# My Hairless Boy Krum (Can somebody tell me what color/type he is?)



## Ratsanctuary (Mar 24, 2011)

His head is a bit darker than his body, it has a blue/purple looking tint to it and his body is pink. The pic isnt a very good one


----------



## breezyboo (Oct 20, 2010)

If he has no whiskers and no fuzz on his body he is just plainly a hairless. The skin pigment basically is just that if he had hair, there would have been colored hairs there (would prob have been a hooded if he had fur). If he has curly whiskers and peach fuzz on his body then he is a double-rex.


----------



## Ratsanctuary (Mar 24, 2011)

Thank you for responding  He has curly whiskers and just a tiny amount of fuzz on his nose but nowhere else


----------



## breezyboo (Oct 20, 2010)

Most people mistake double-rex for hairless. A true hairless has zero body hair including no whiskers. =) I have a double rex as well.
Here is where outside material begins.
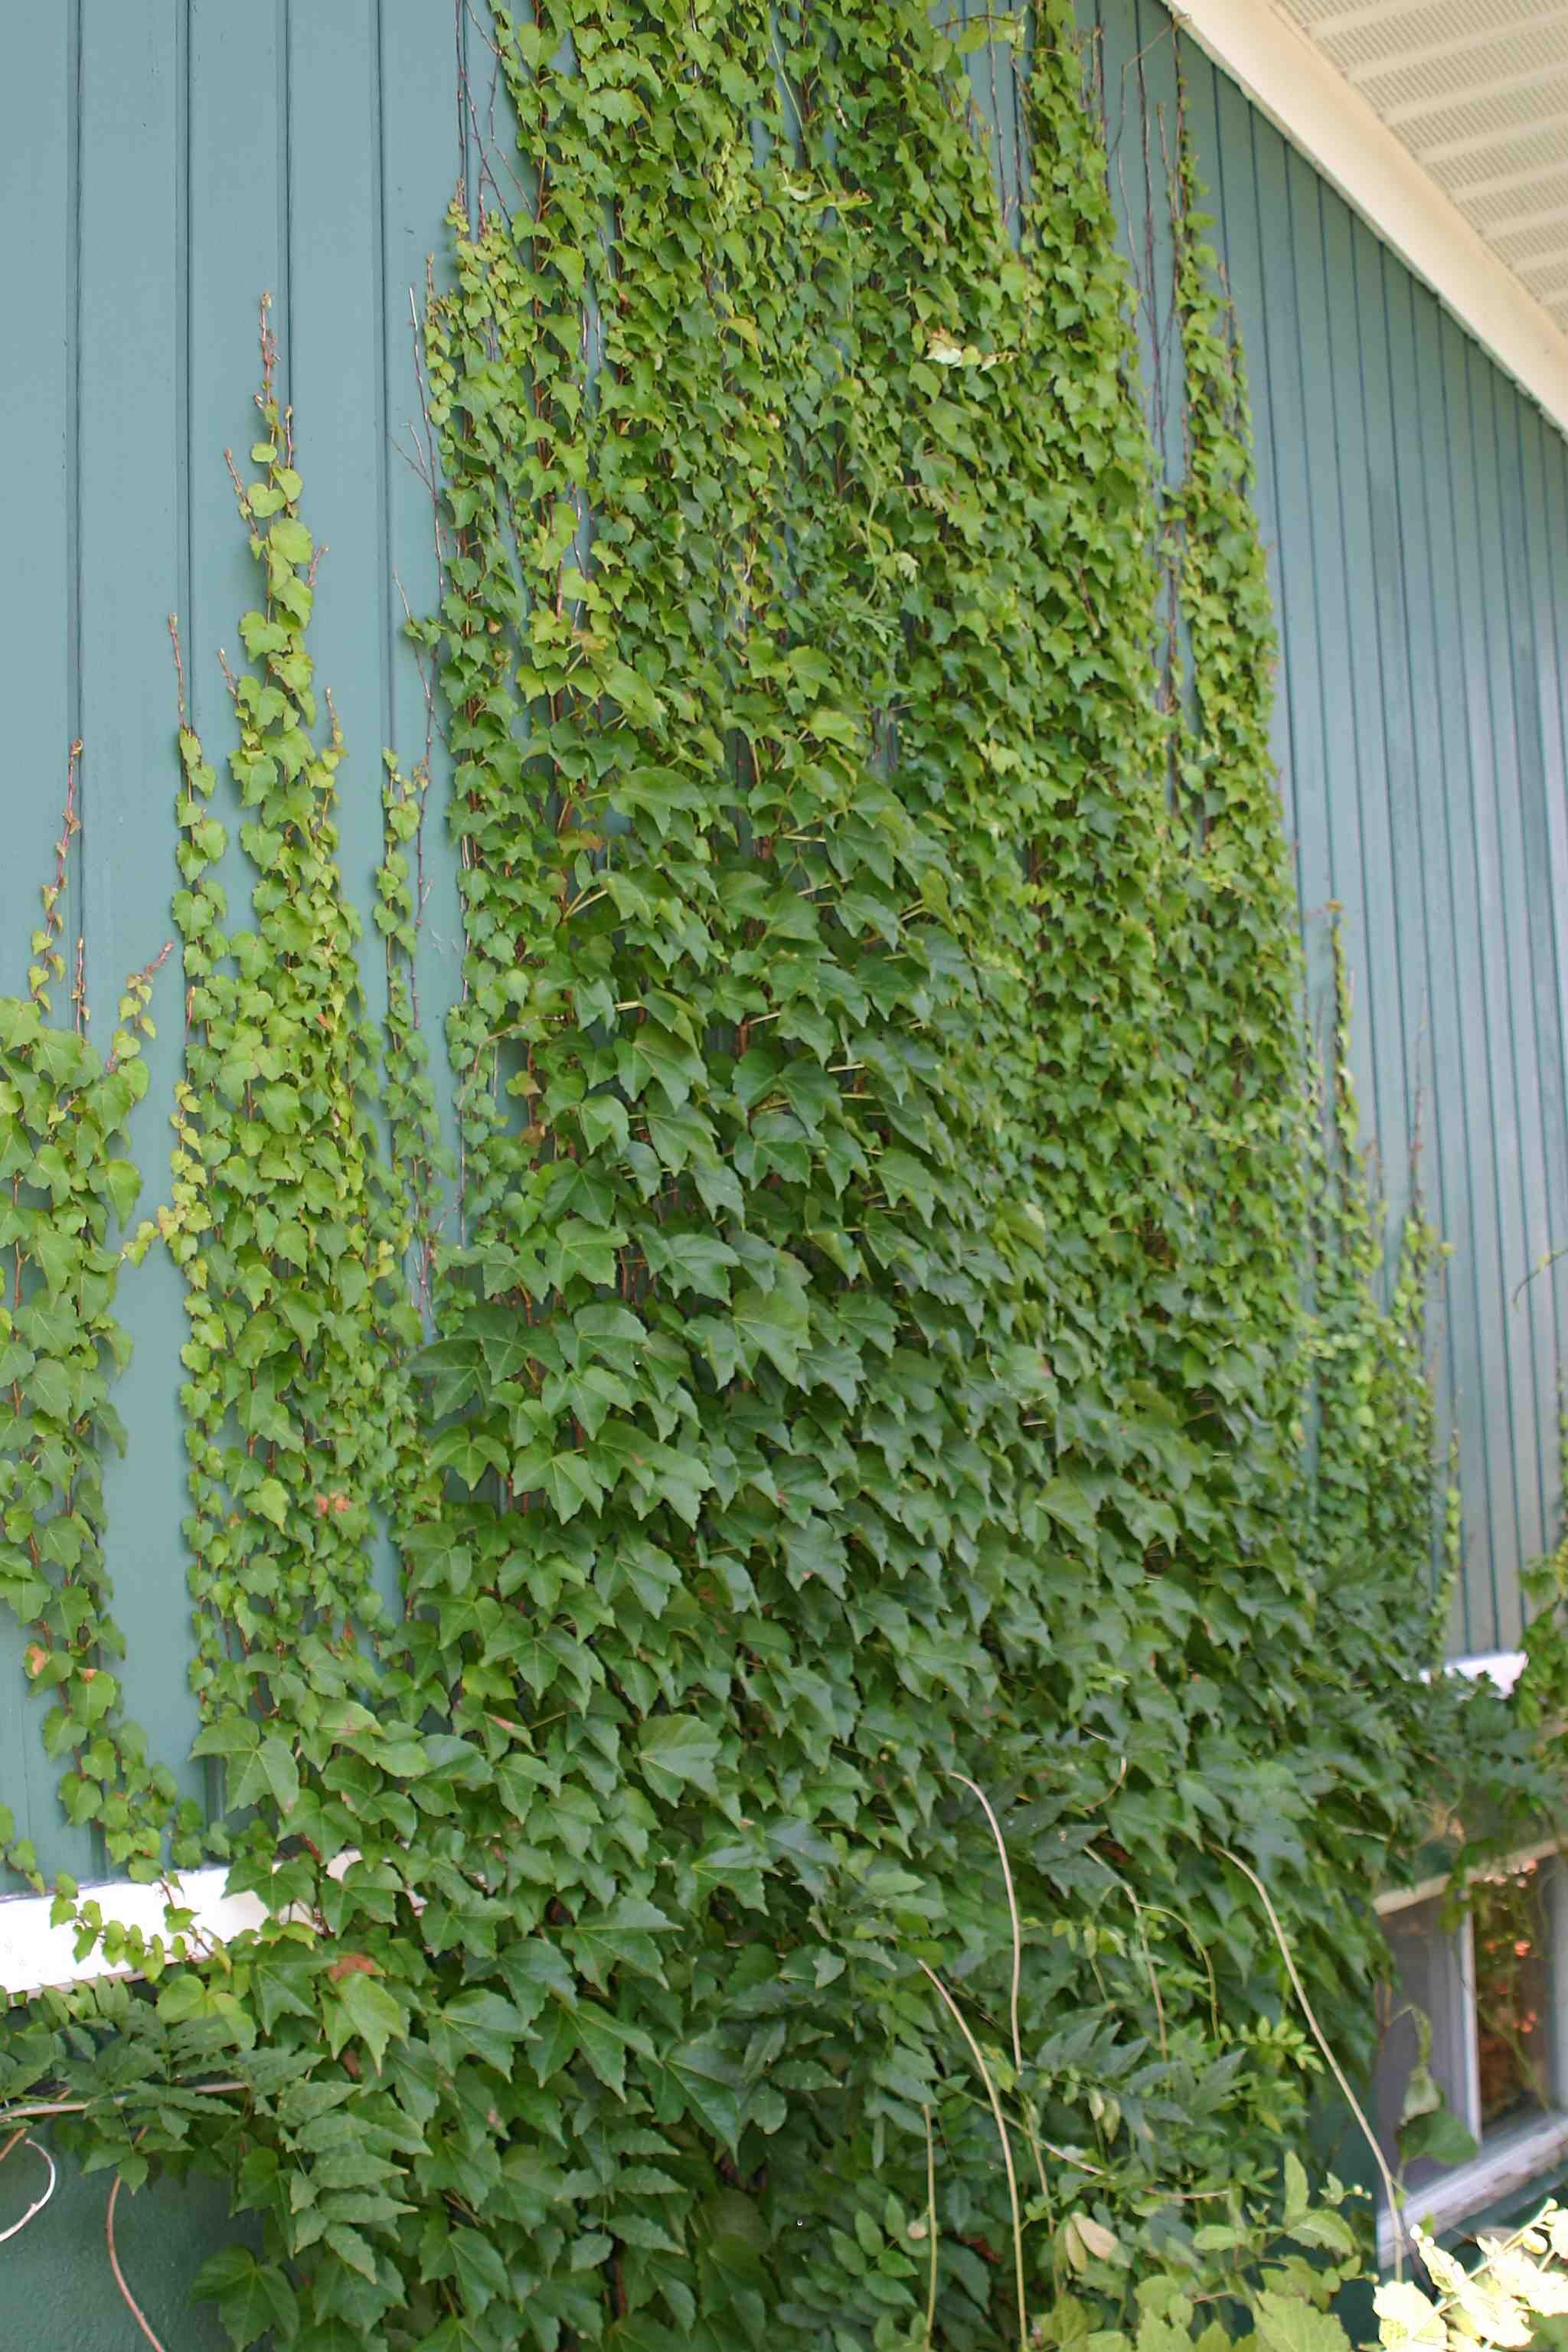 96594106b36937668012e0f87864ef01 - How To Get A Vine To Grow Up A Wall

His sister is a regular rex.


----------



## Ratsanctuary (Mar 24, 2011)

Cool thanx


----------



## lilspaz68 (Feb 24, 2007)

black, agouti or mink capped double rex (hard to tell without the actual hair)...adorable is what he really is!!


----------



## rattielove (Feb 3, 2011)

http://www.fancy-rats.co.uk/information/guides.php?subject=varieties

this is a amazing site with all kinda of pics and info about rat colors and markings hope it helps


----------